PEDRA PRECIOSA

João Diamante desceu o morro, se tornou chef renomado e usa a gastronomia para inserção social em comunidades

"No morro, você aprende na marra"

Com apenas 29 anos, ele carrega o peso da representatividade nas costas. 



"O Alain Ducasse me perguntou uma vez, 'João, não vejo você reclamando de nada em comparação com gente que não fica um dia aqui, joga o dólmã e sai chorando.' Eu vou reclamar de quê?, disse a ele. Eu saí do morro e estava em Paris, aprendendo com um dos maiores chefs do mundo. Não há histórias como a minha no alto escalão da carreira gastronômica", relembra.

Quando João Augusto Santos Batista ainda era muito pequeno, sua mãe migrou da Bahia para o Sudeste, como tantas outras famílias em busca de oportunidade de trabalho. Foram morar na comunidade da Divinéia no Complexo do Andaraí, zona norte do Rio de Janeiro.

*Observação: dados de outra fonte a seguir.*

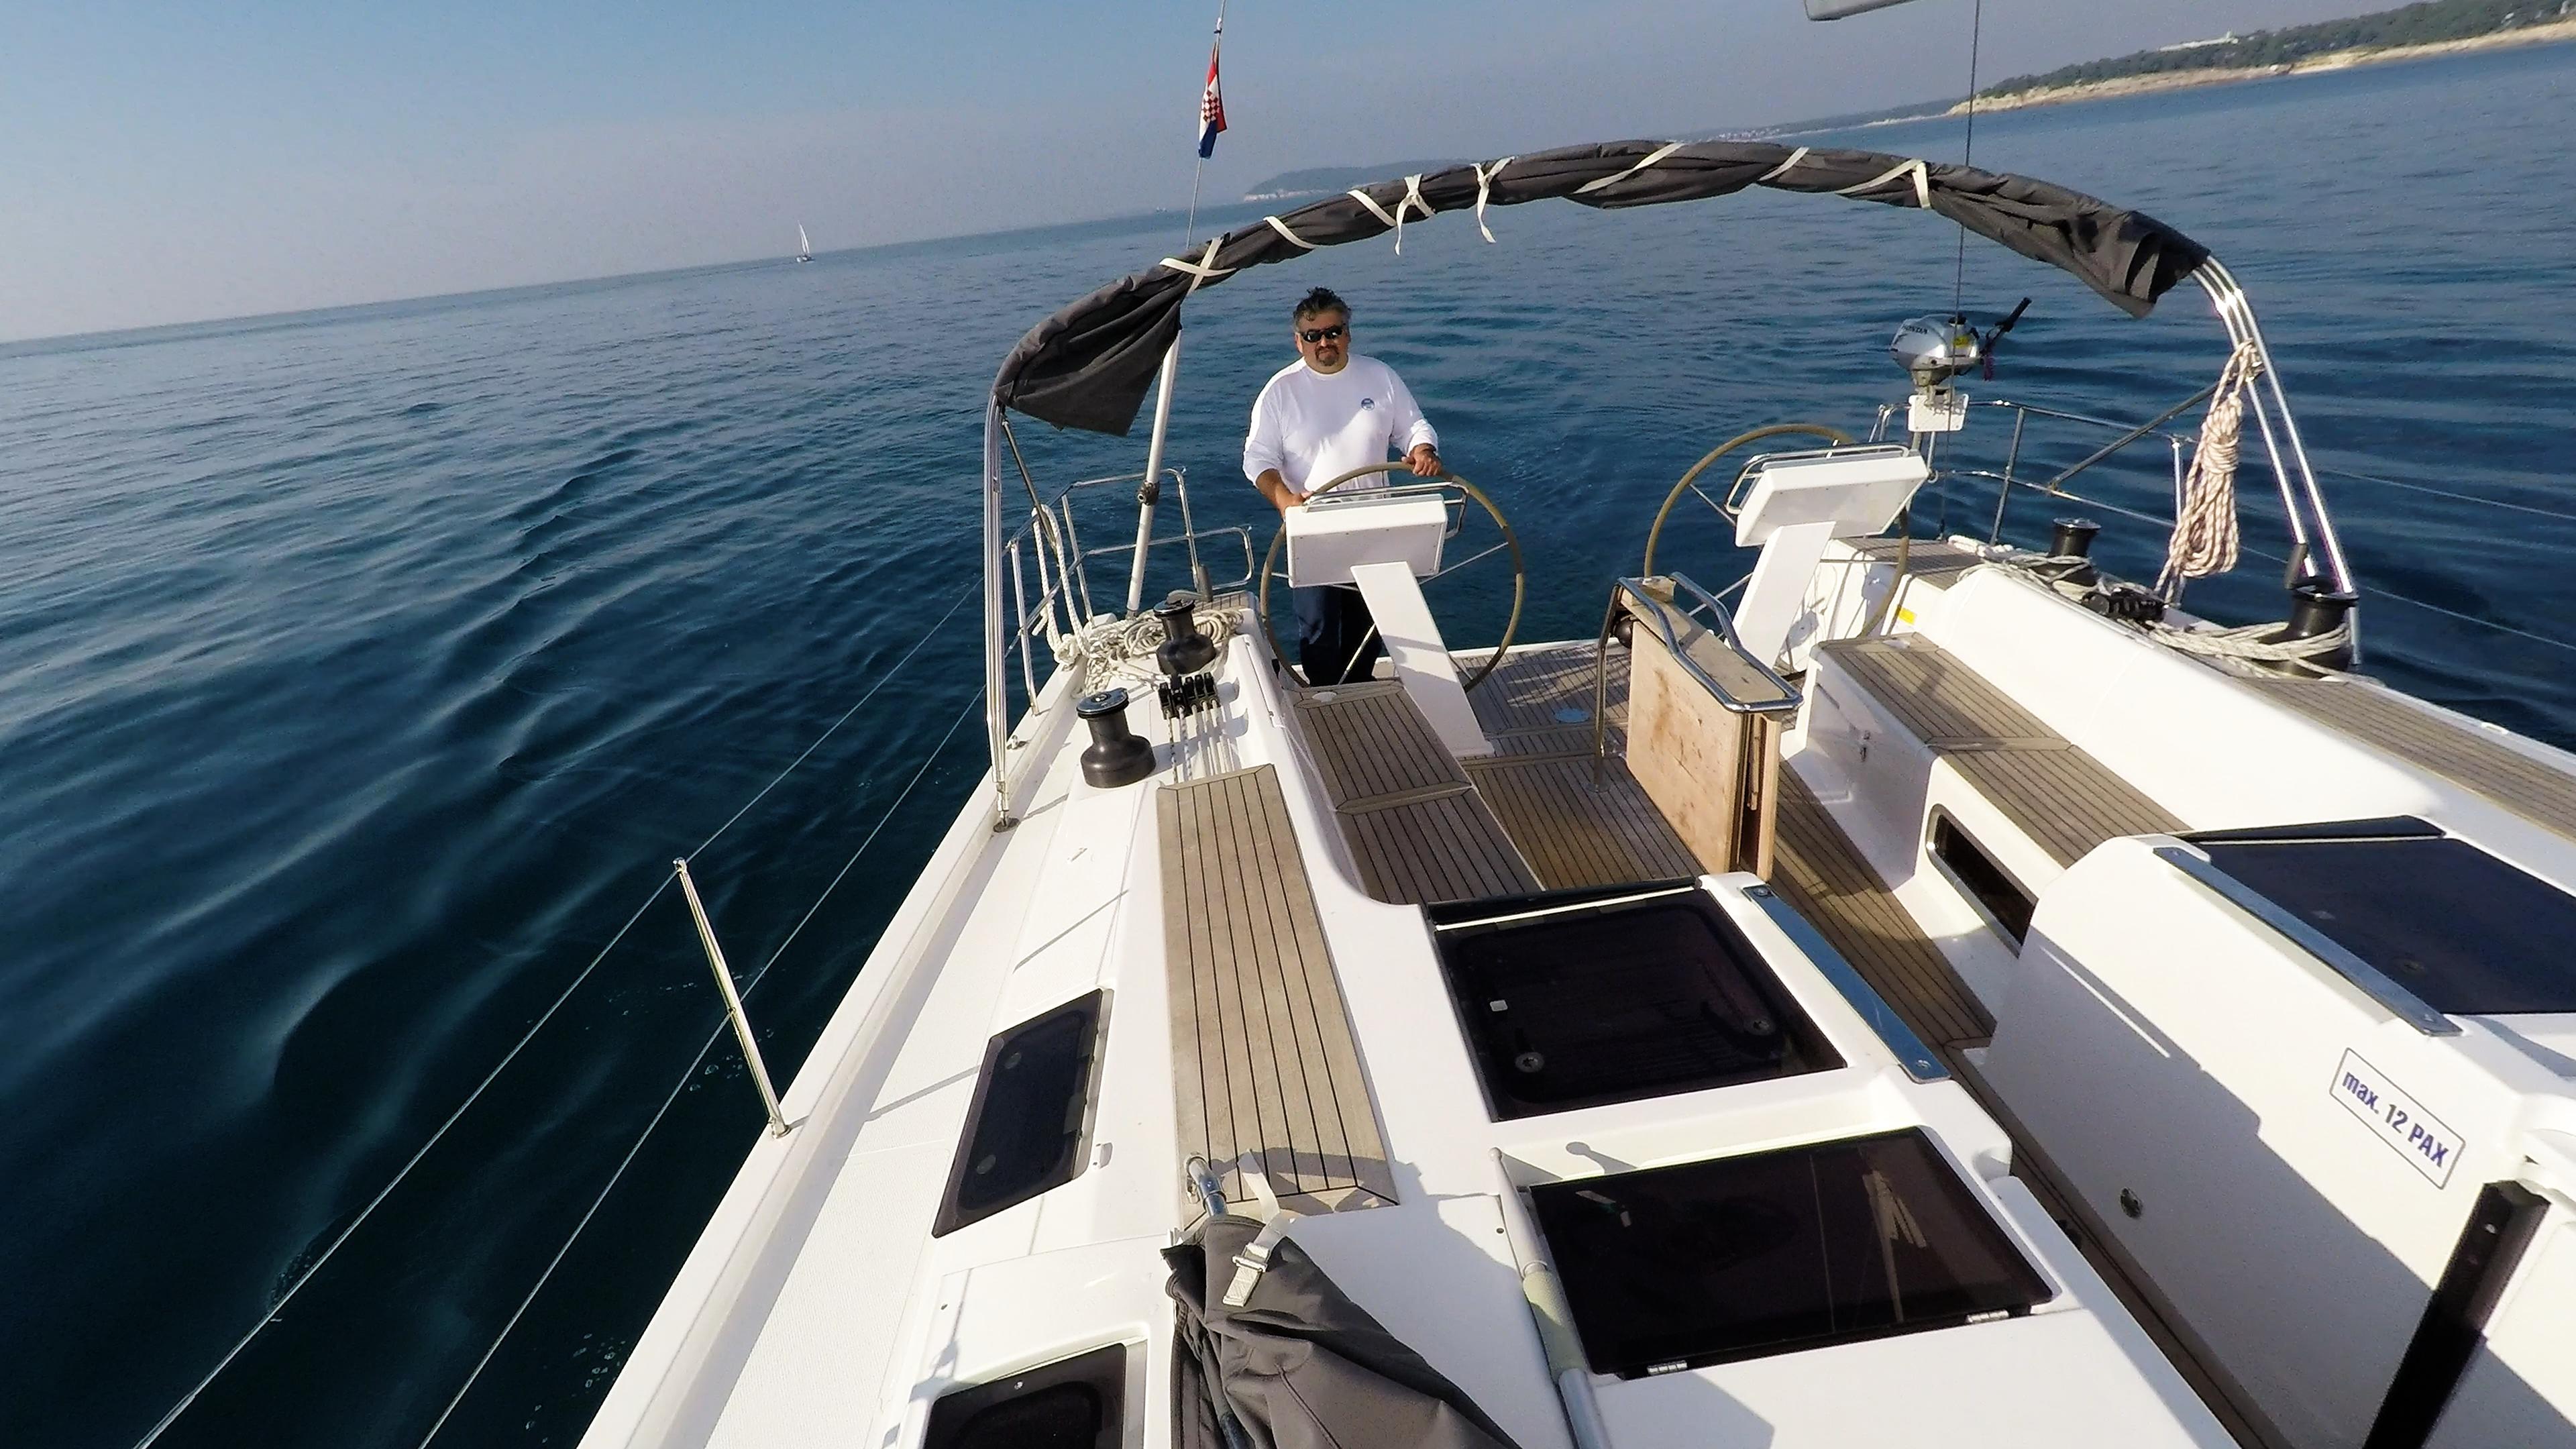 barcha a vela Hanse 505 skipper pozzetto timoni ruota doppio poppa ponte mare yacht a vela barca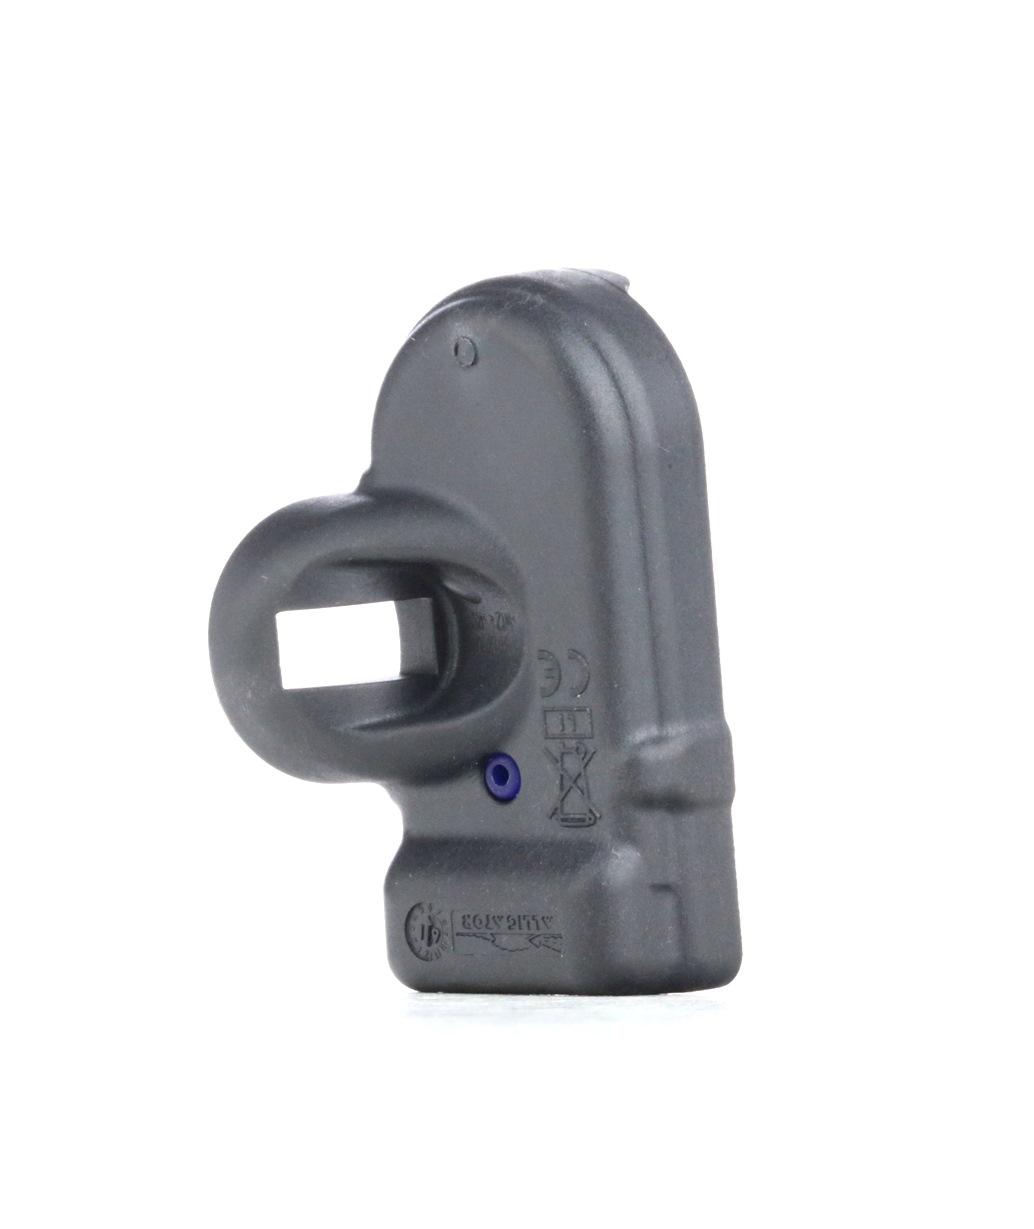 Αισθητήρας τροχού, σύστημα ελέγχου πίεσης ελαστικών ALLIGATOR 9-590914 εκτίμηση

Como a mãe trabalhava o dia todo, ele e a irmã mais velha se viravam com o almoço — ele dava um jeito de preparar algo fresquinho, mesmo sem supervisão de adultos.

"No morro, você aprende na marra. Não tem pai e mãe presentes, dando aquele apoio para a criança, porque eles estão trabalhando, estudando, na correria. Não quero que minha filha passe por isso, é claro, mas usei esse amadurecimento a meu favor na cozinha e na vida." Desde criança fazia "bicos" para ajudar no orçamento de casa: trabalhou como vendedor de produtos de limpeza, piscineiro, feirante e teve até uma lan house. Aos 19, entrou na Marinha.

Foi no serviço militar que conheceu uma cozinha industrial pela primeira vez e, como ajudante de cozinheiro, descobriu seu talento na gastronomia. Dali, João traçou o plano para construir uma carreira.